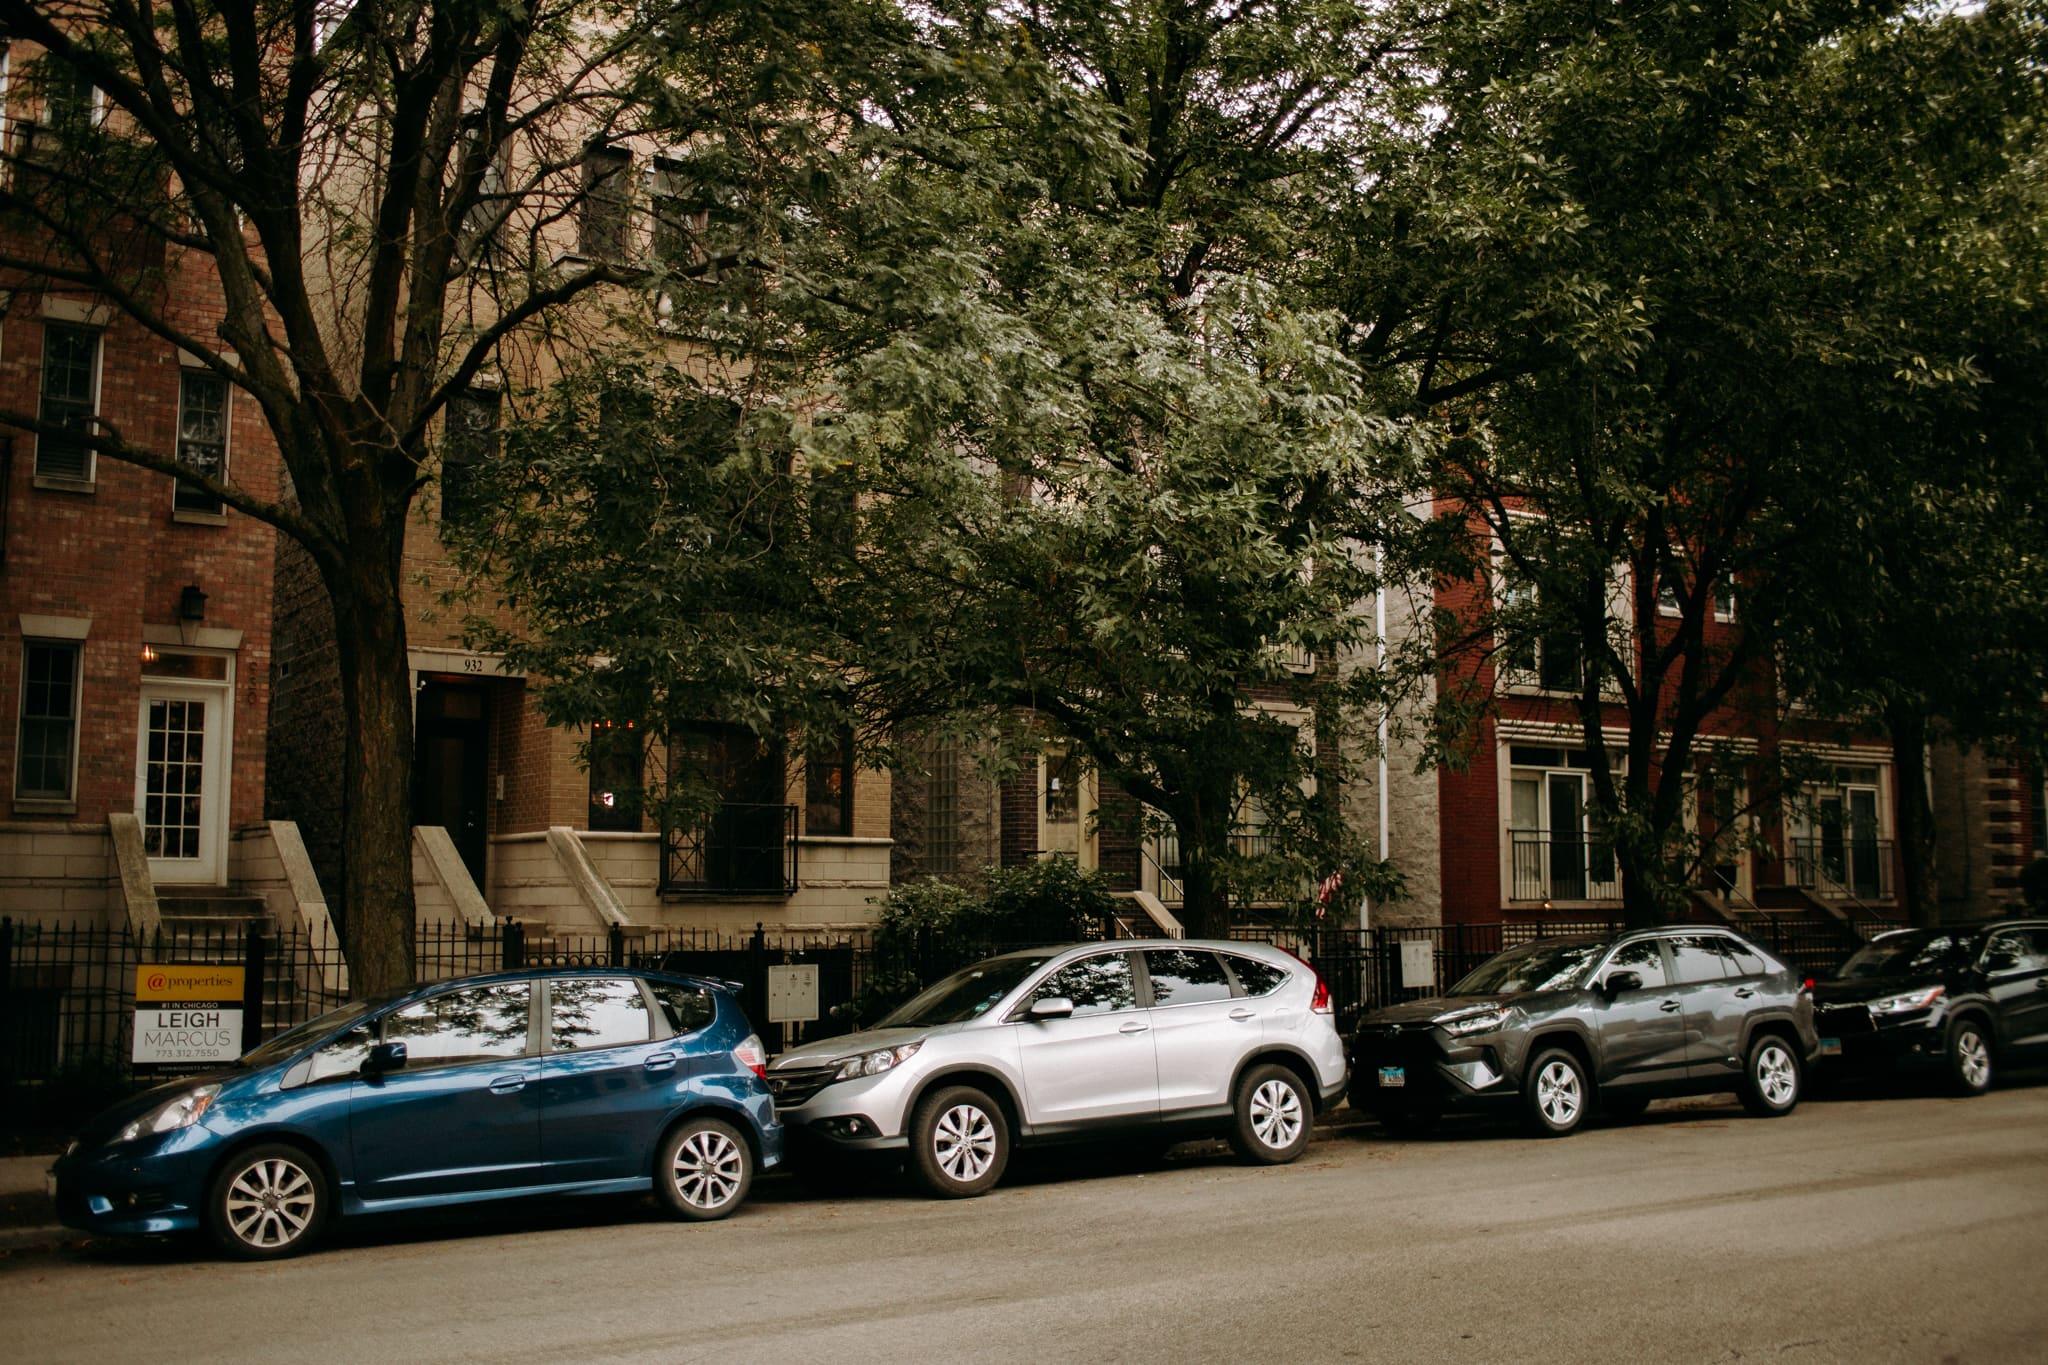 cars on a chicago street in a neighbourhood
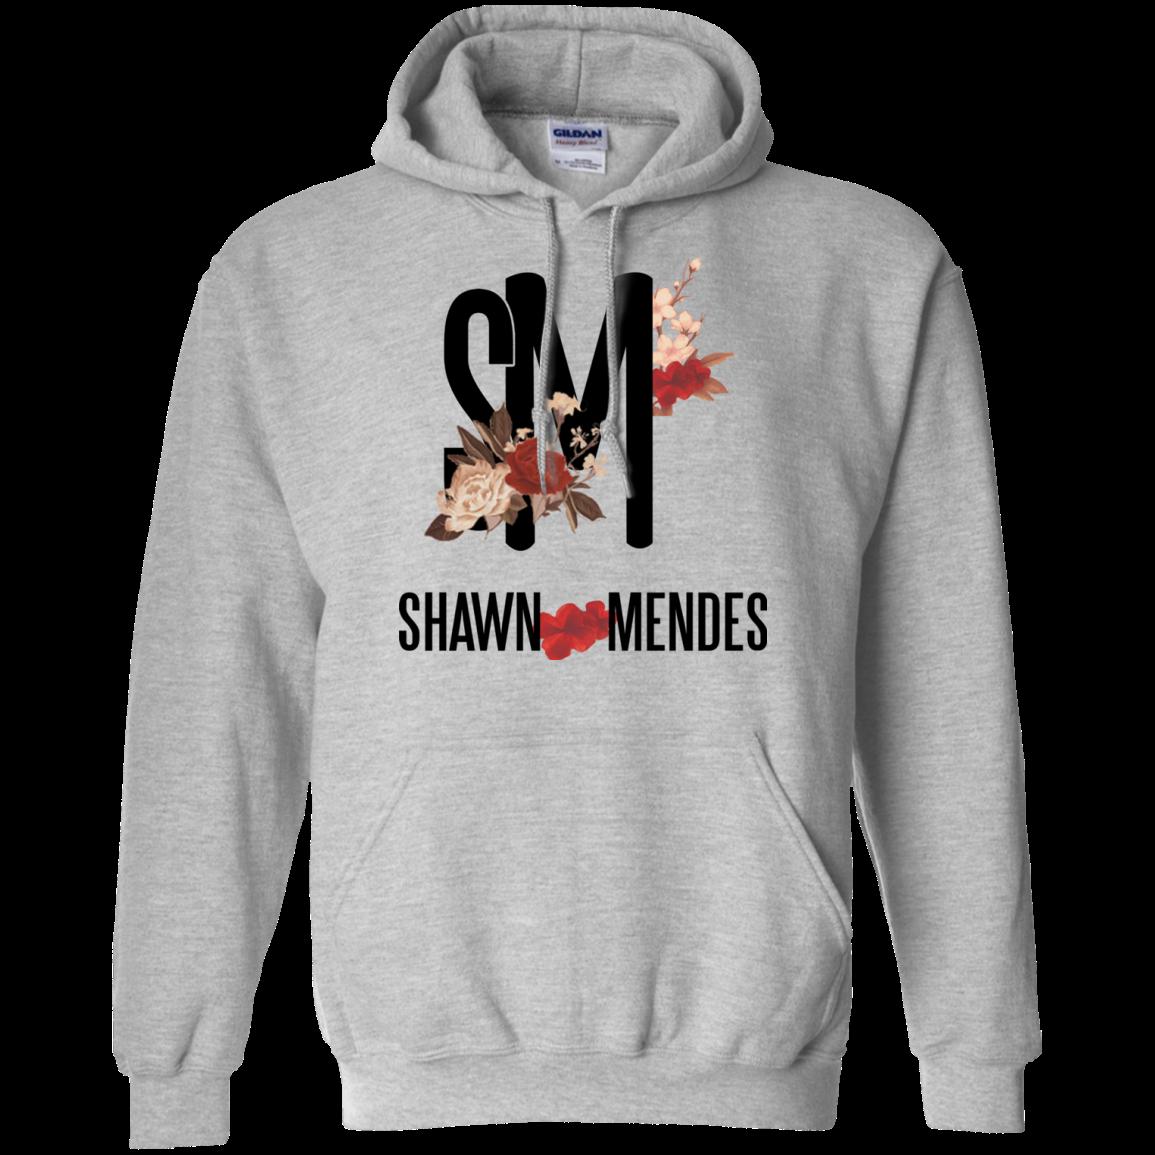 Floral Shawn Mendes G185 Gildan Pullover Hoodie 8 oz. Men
---
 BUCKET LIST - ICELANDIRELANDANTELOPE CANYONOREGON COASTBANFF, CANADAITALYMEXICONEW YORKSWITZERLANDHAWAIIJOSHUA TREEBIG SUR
---
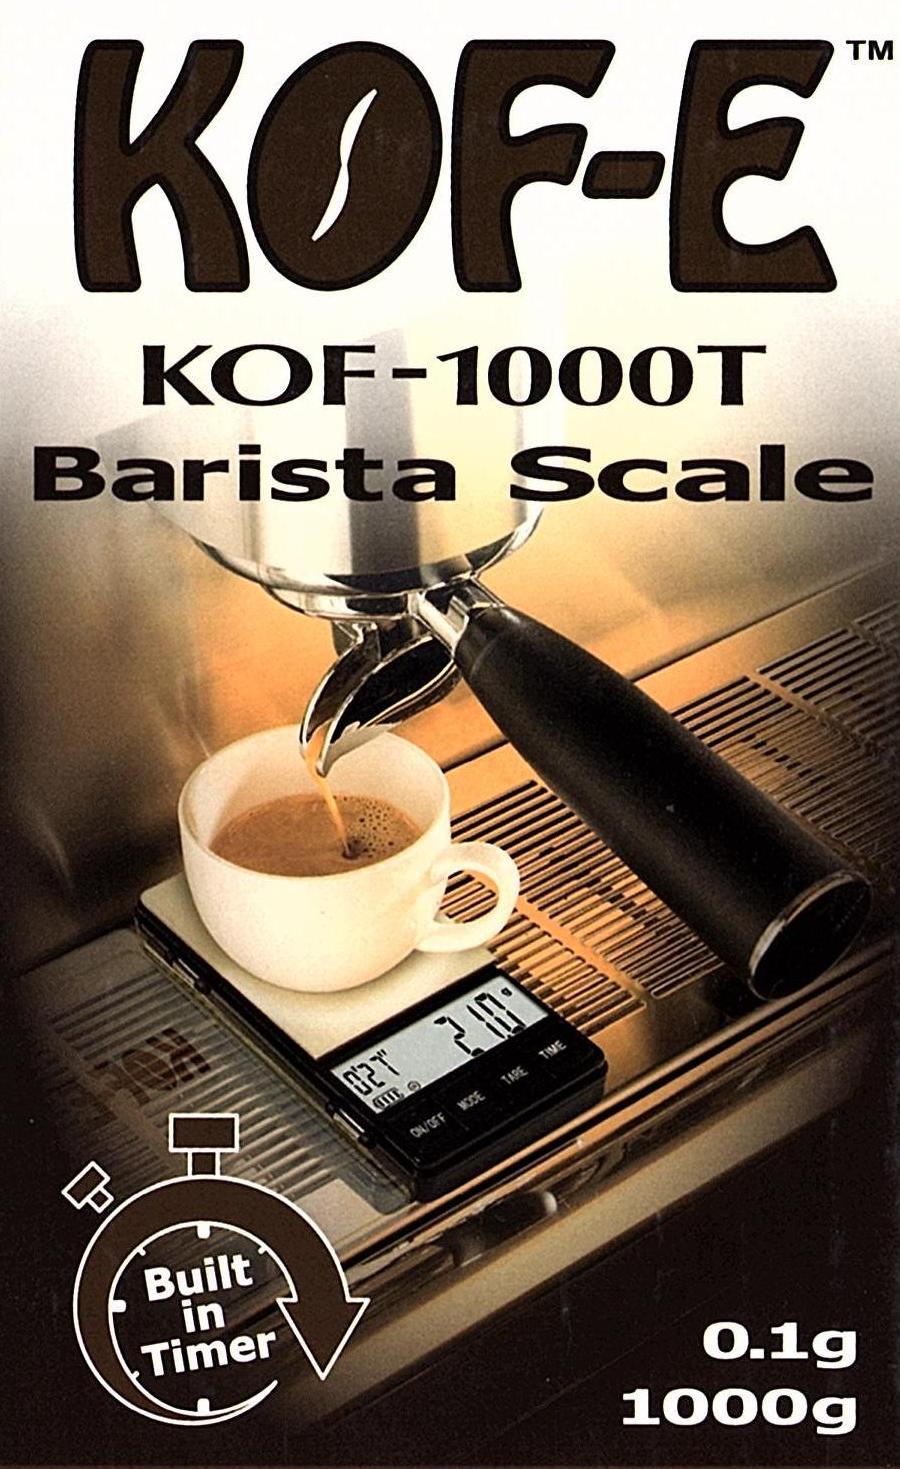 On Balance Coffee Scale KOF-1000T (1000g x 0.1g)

How to complete this task:
The data above holds the lines to copy: start at the one with "cars on a chicago street in a neighbourhood", stop at the one with "Floral Shawn Mendes", include both, copy them exactly without pictures, and copy nothing else.

Output below:
 cars on a chicago street in a neighbourhood
 Floral Shawn Mendes G185 Gildan Pullover Hoodie 8 oz. Men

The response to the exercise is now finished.